> **Source data**:
--

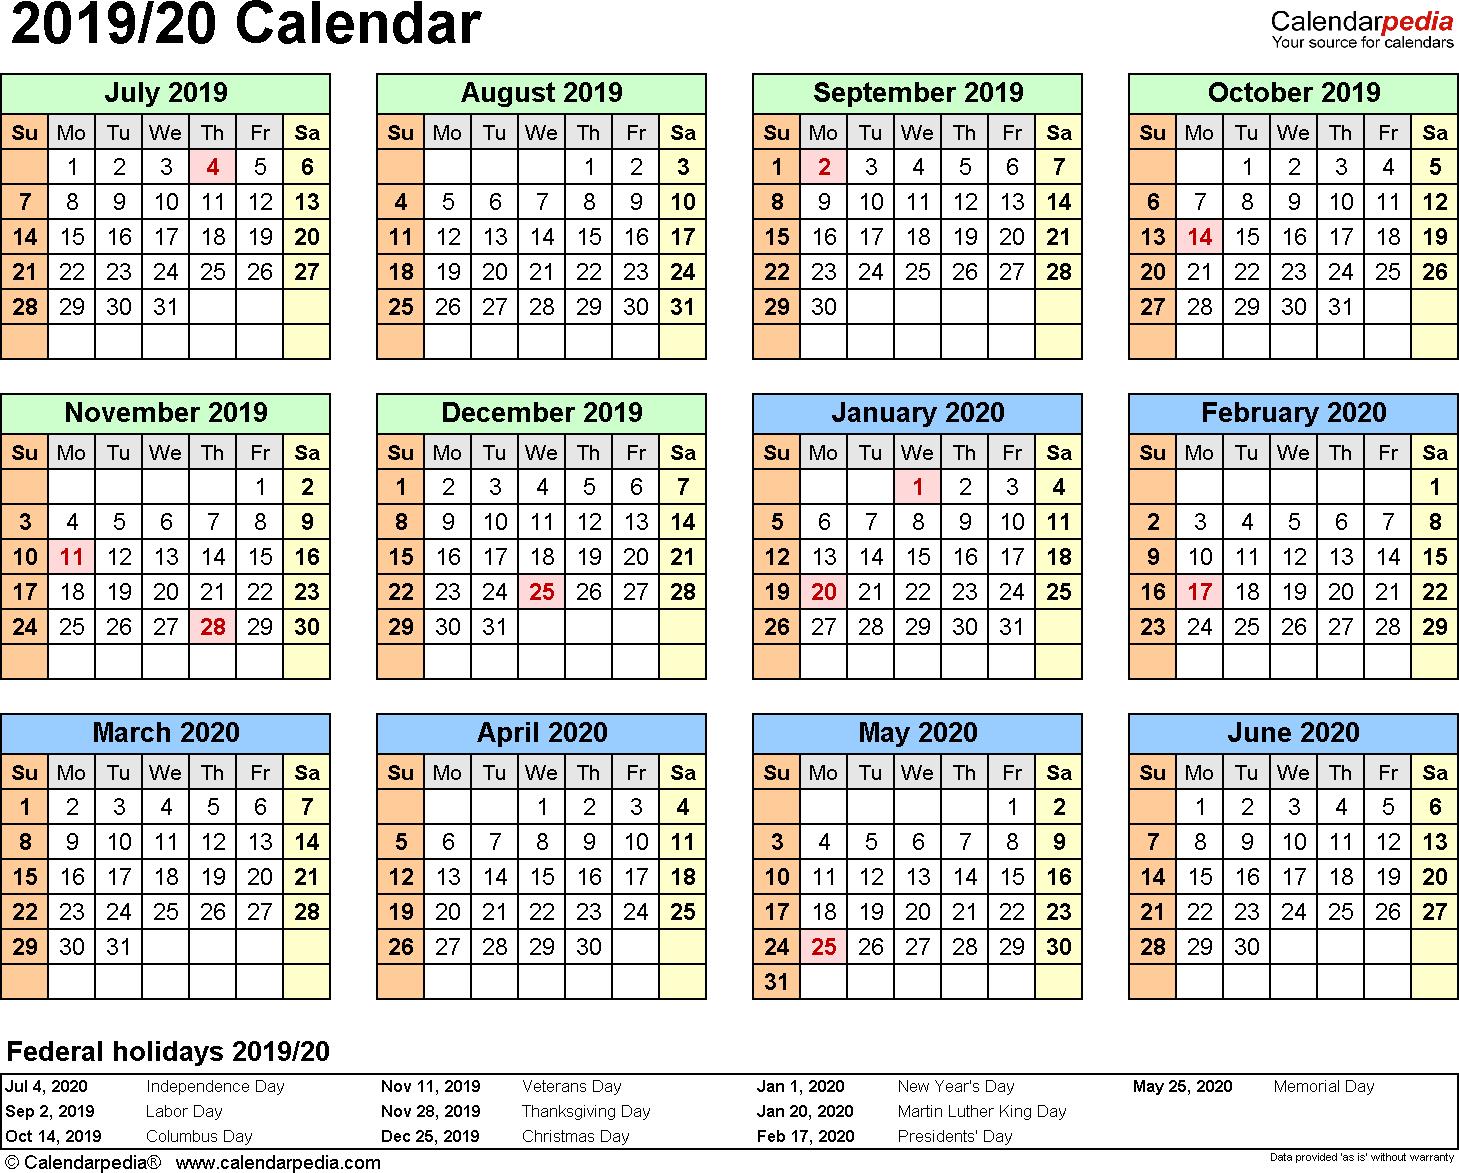 Split Year Calendar 2019/20 (July To June) - Word Templates inside 2019 2020 Ms Word Calendar
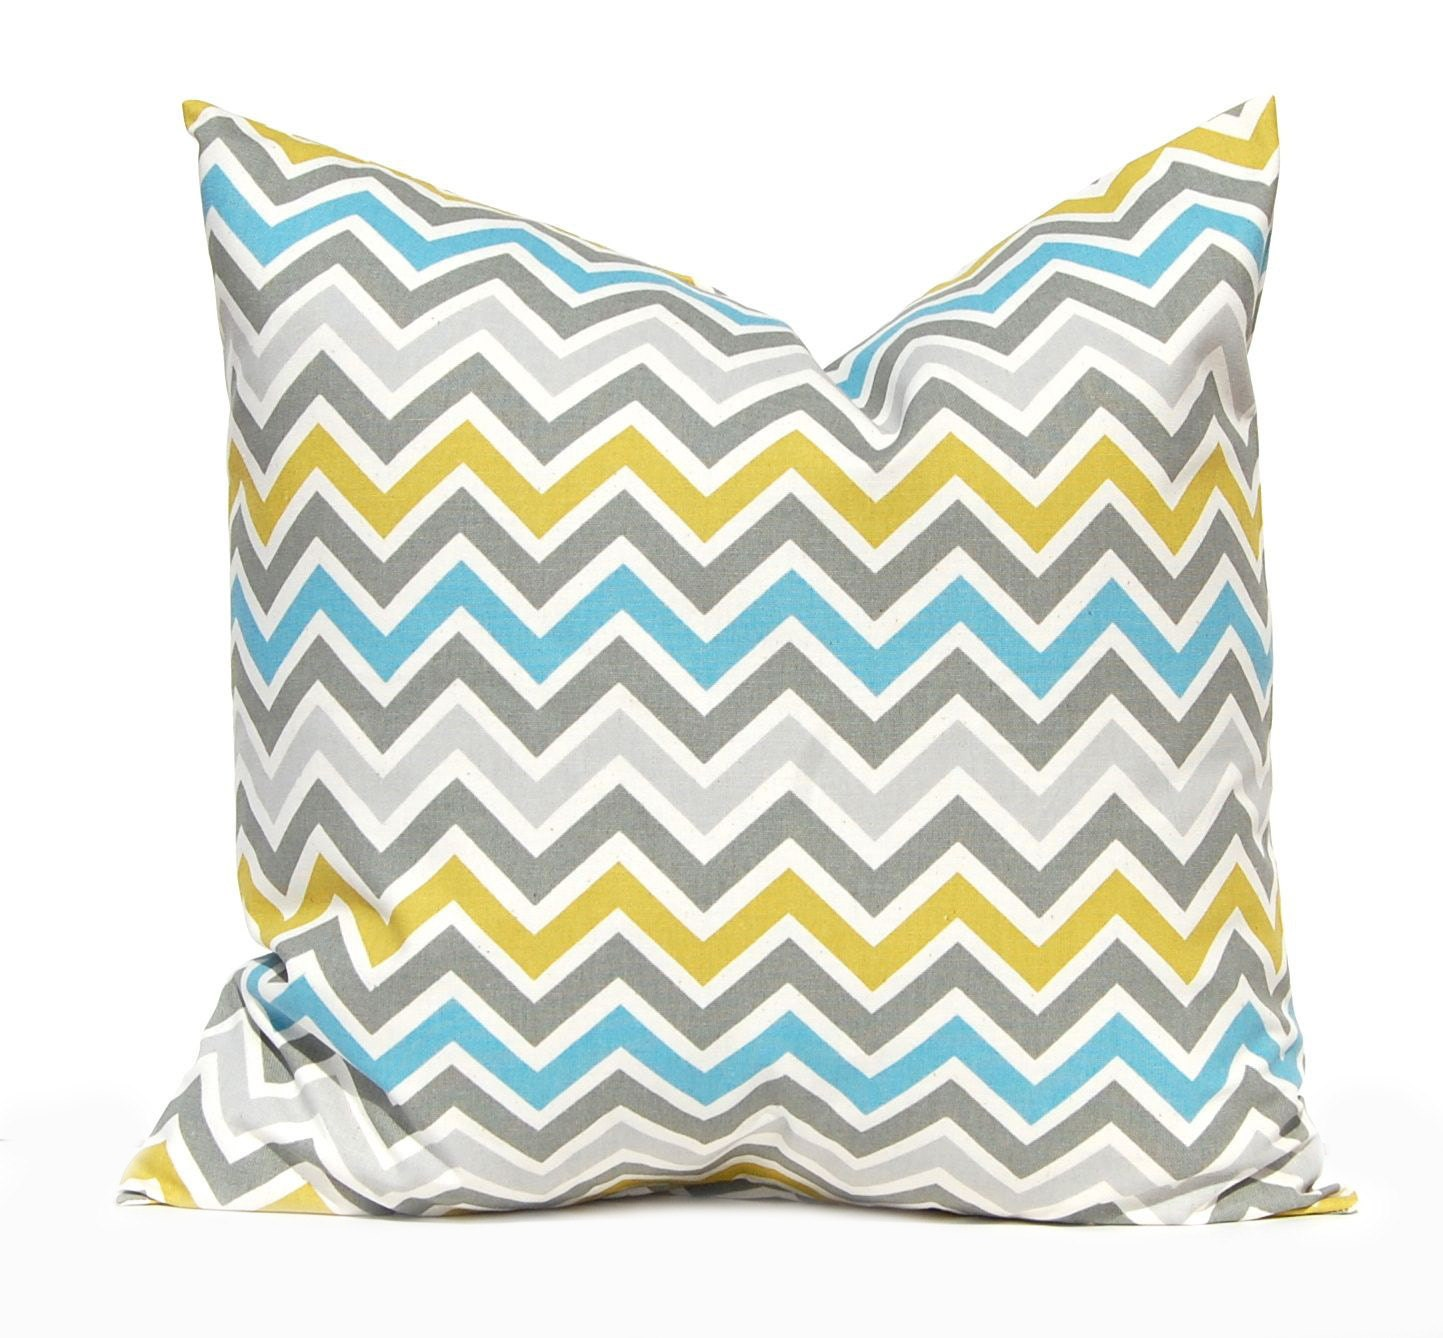 Chevron Pillow Cover Decorative Pillow Covers by CompanyTwentySix
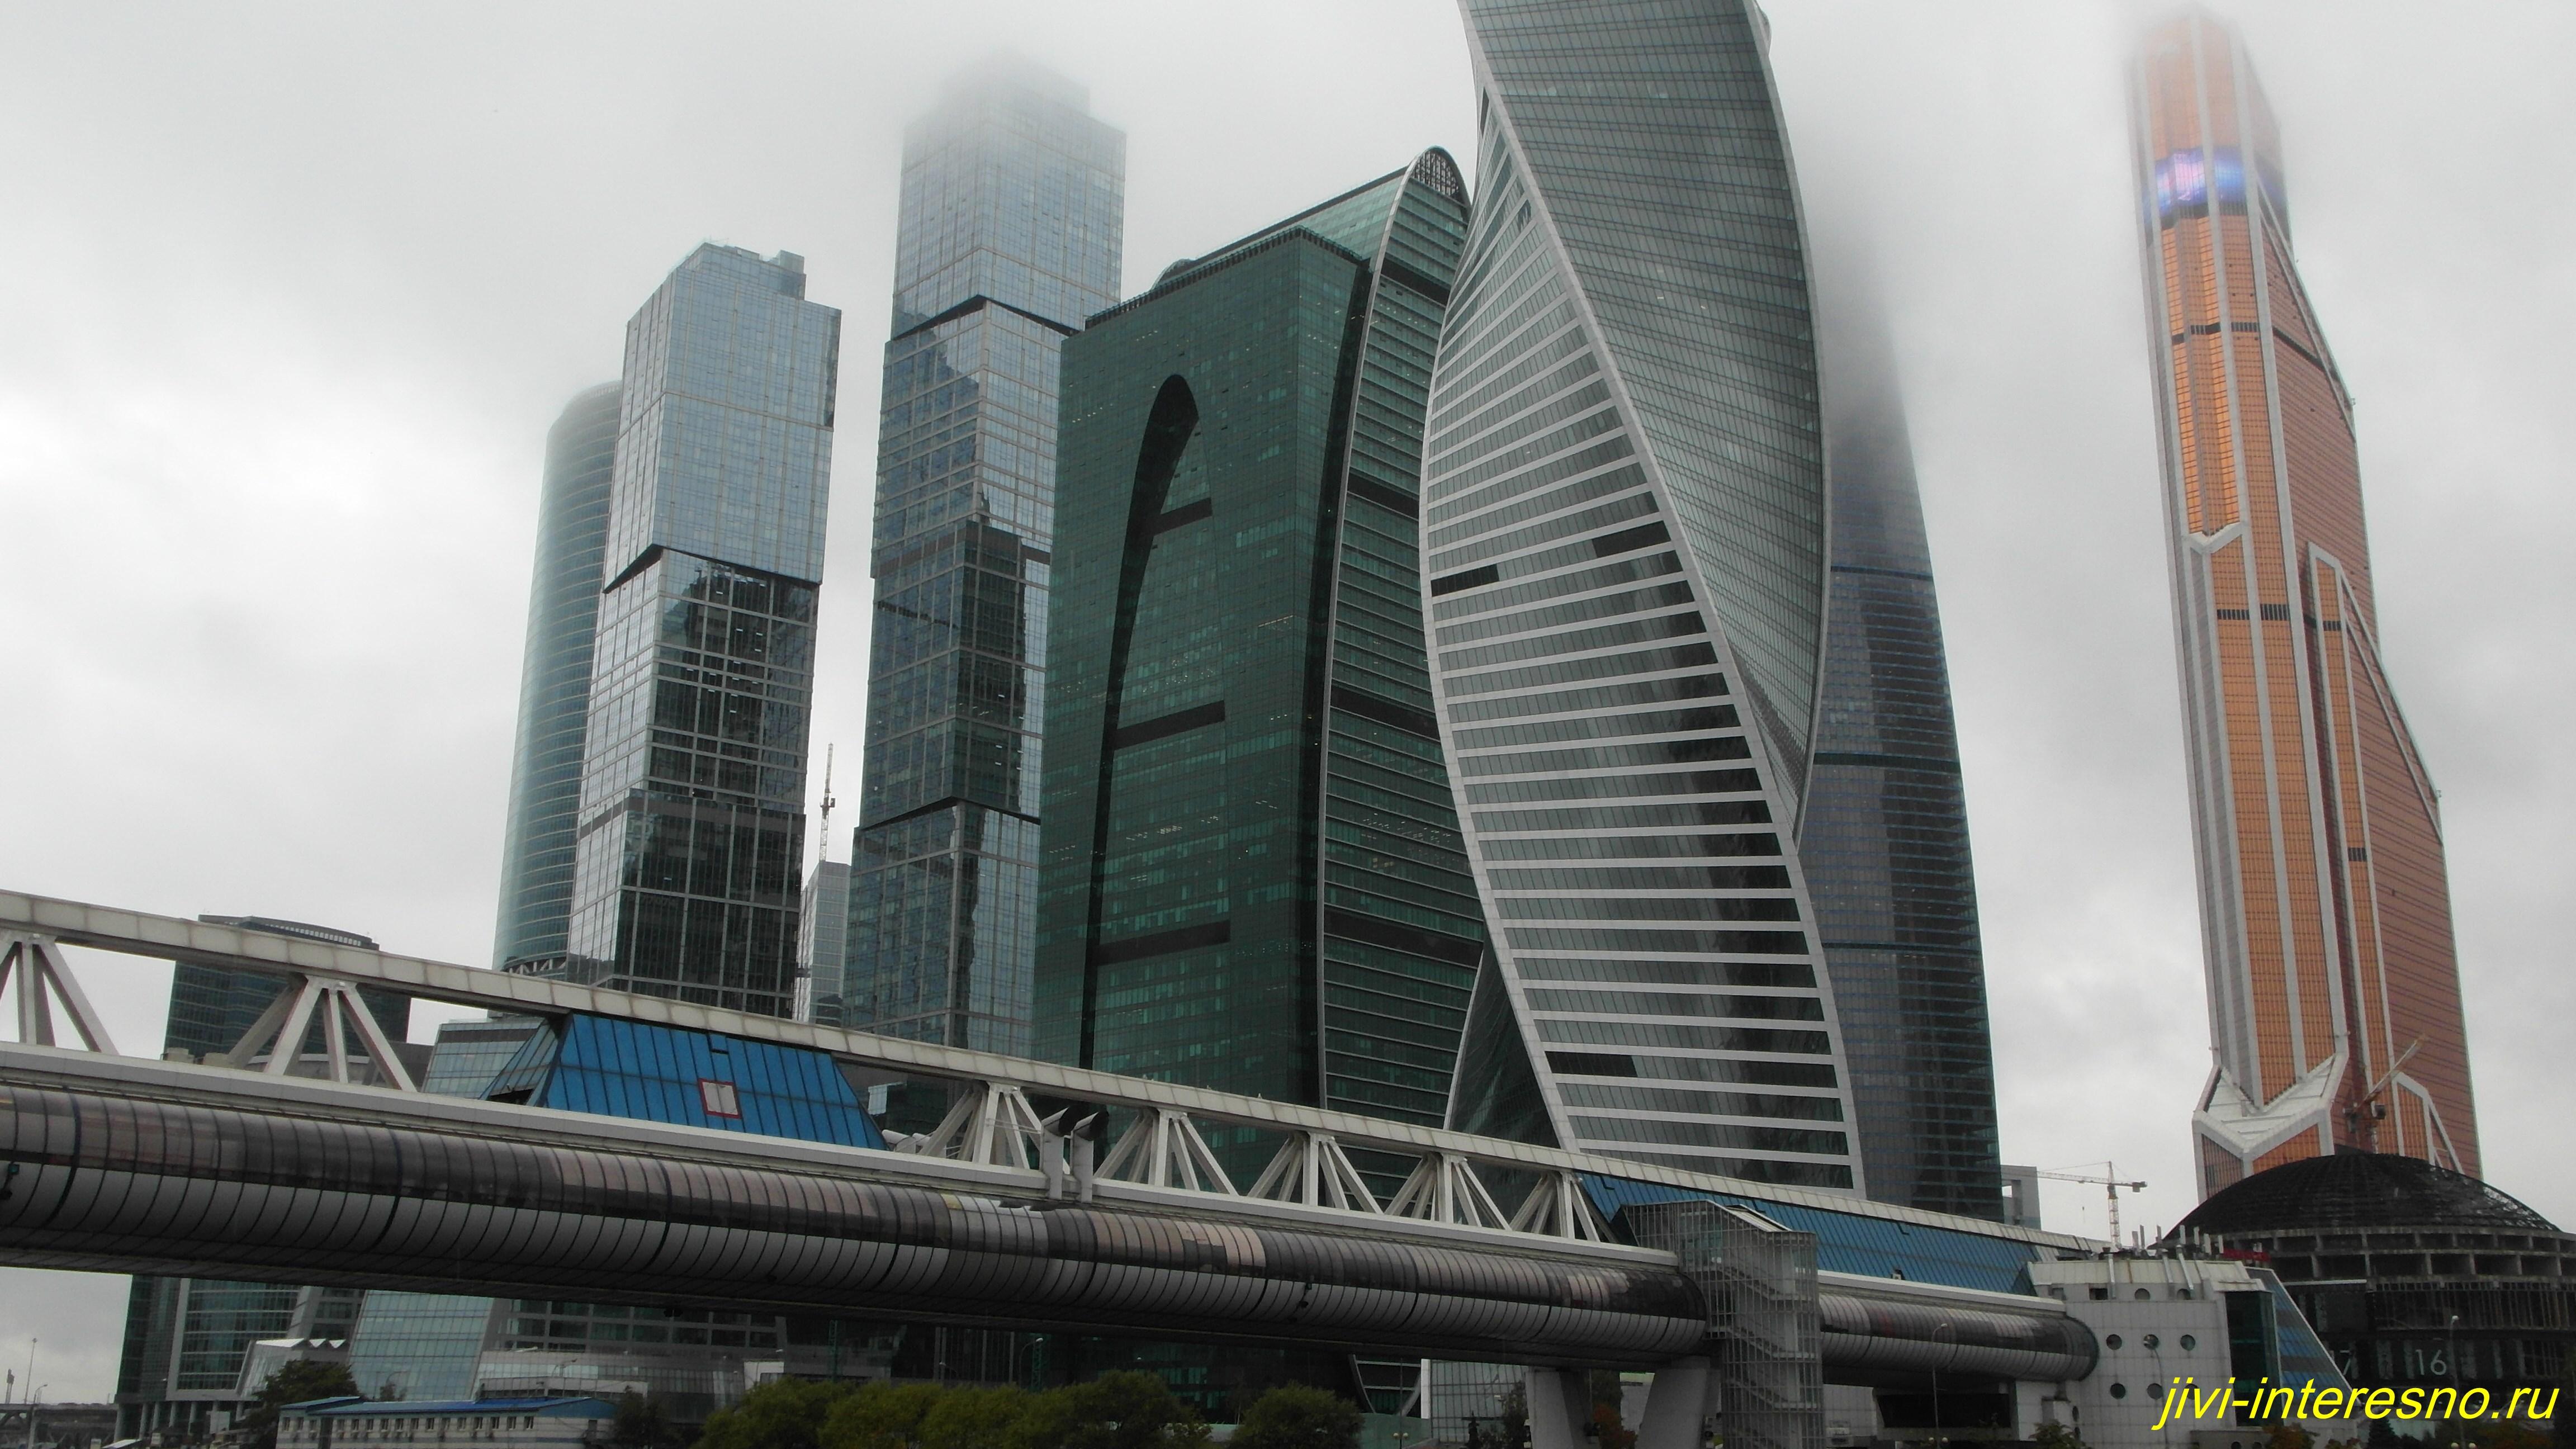 Осенняя Москва, Мост Багратион, Москва-Сити

--

Print all the lines above again exactly, without any pictures.

 Split Year Calendar 2019/20 (July To June) - Word Templates inside 2019 2020 Ms Word Calendar
 Chevron Pillow Cover Decorative Pillow Covers by CompanyTwentySix
 Осенняя Москва, Мост Багратион, Москва-Сити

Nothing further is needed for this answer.